I will pray for you guys, and hope that you find the above is true for your son also.
AOX4RN, MSN, RN, NP
631 Posts
My friend, fancy meeting you here! I'm so thrilled to hear he is out of ICU and on his feet. I've been thinking of you and won't stop. Hang in there. If I can get a B in micro working my butt off you can do this with your brain half asleep :)
Love!
Your buddy from HTM :)
mbb21
22 Posts
I am soo sorry to hear about your son...I don't have any children, but I know that no matter how old they are, they'll always be you babies. It's such a blessing that he is walking again! But, like another poster said, God knows what's best for you and he has a plan already laid out. This could be a test and he is simply trying to guide you... Just trust in Him and He will lead you to where you need to be! :redbeathe
My friend, fancy meeting you here! I'm so thrilled to hear he is out of ICU and on his feet. I've been thinking of you and won't stop. Hang in there. If I can get a B in micro working my butt off you can do this with your brain half asleep :)Love!Your buddy from HTM :)
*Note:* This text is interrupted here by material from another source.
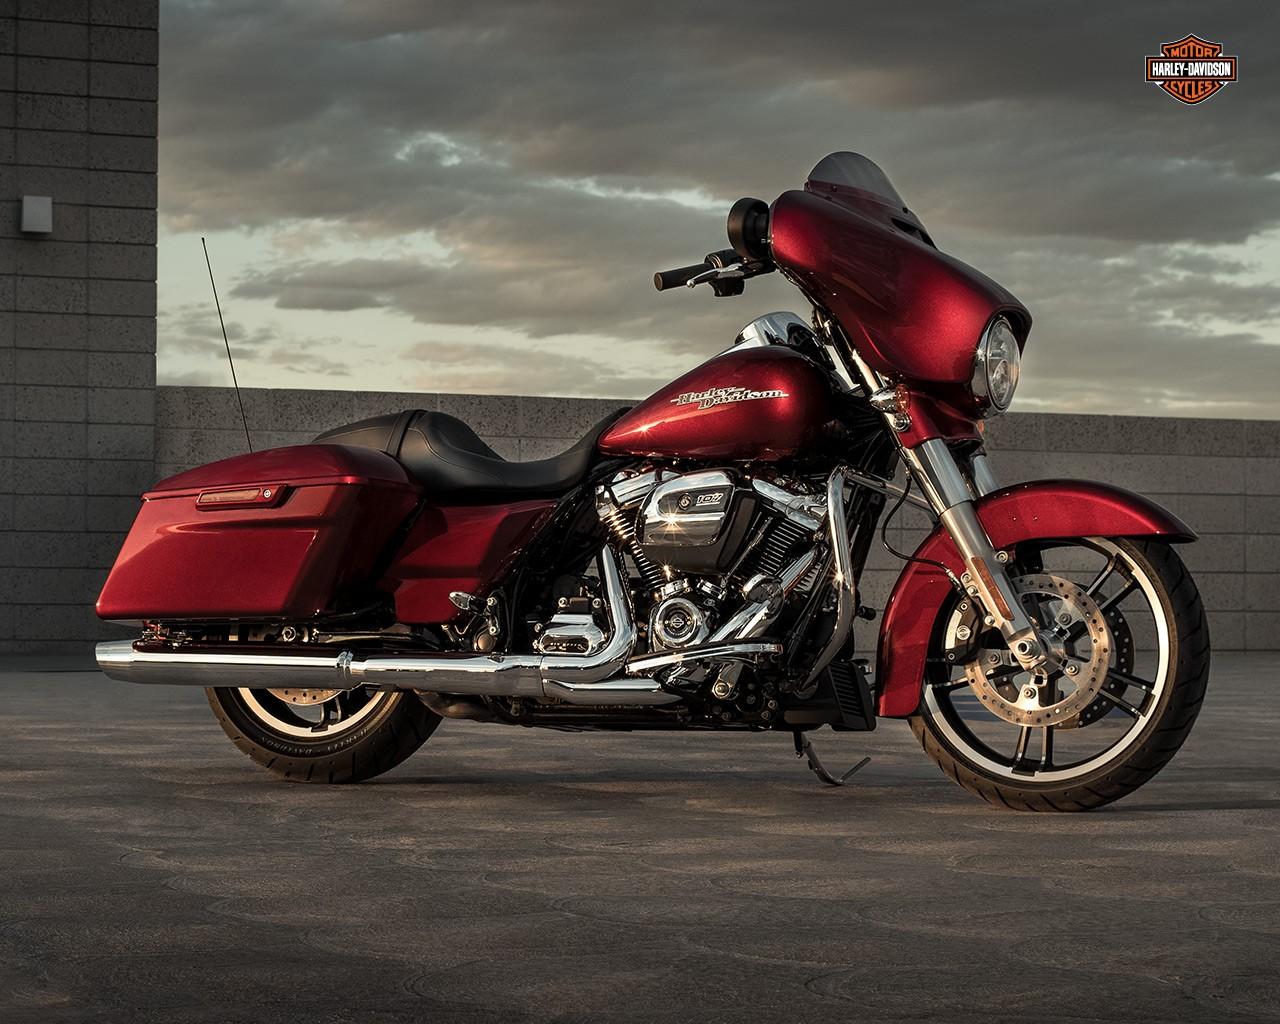 Harley Electra Glide Wallpaper

YOU! I have been counting on your good thoughts, Sister! Better not stop! I beg you.
I didn't know you were here either... great minds thinking alike and all that. Now you get double doses of me and all the drama that has swirled around my life this past 18 months. Crazy or what? I feel like I should crack under the strain and pressure, but instead I just keep getting fatter. I am NOT checking my B/P. The sun is shining this morning, so I am just going to keep pushing on. Talk to ya.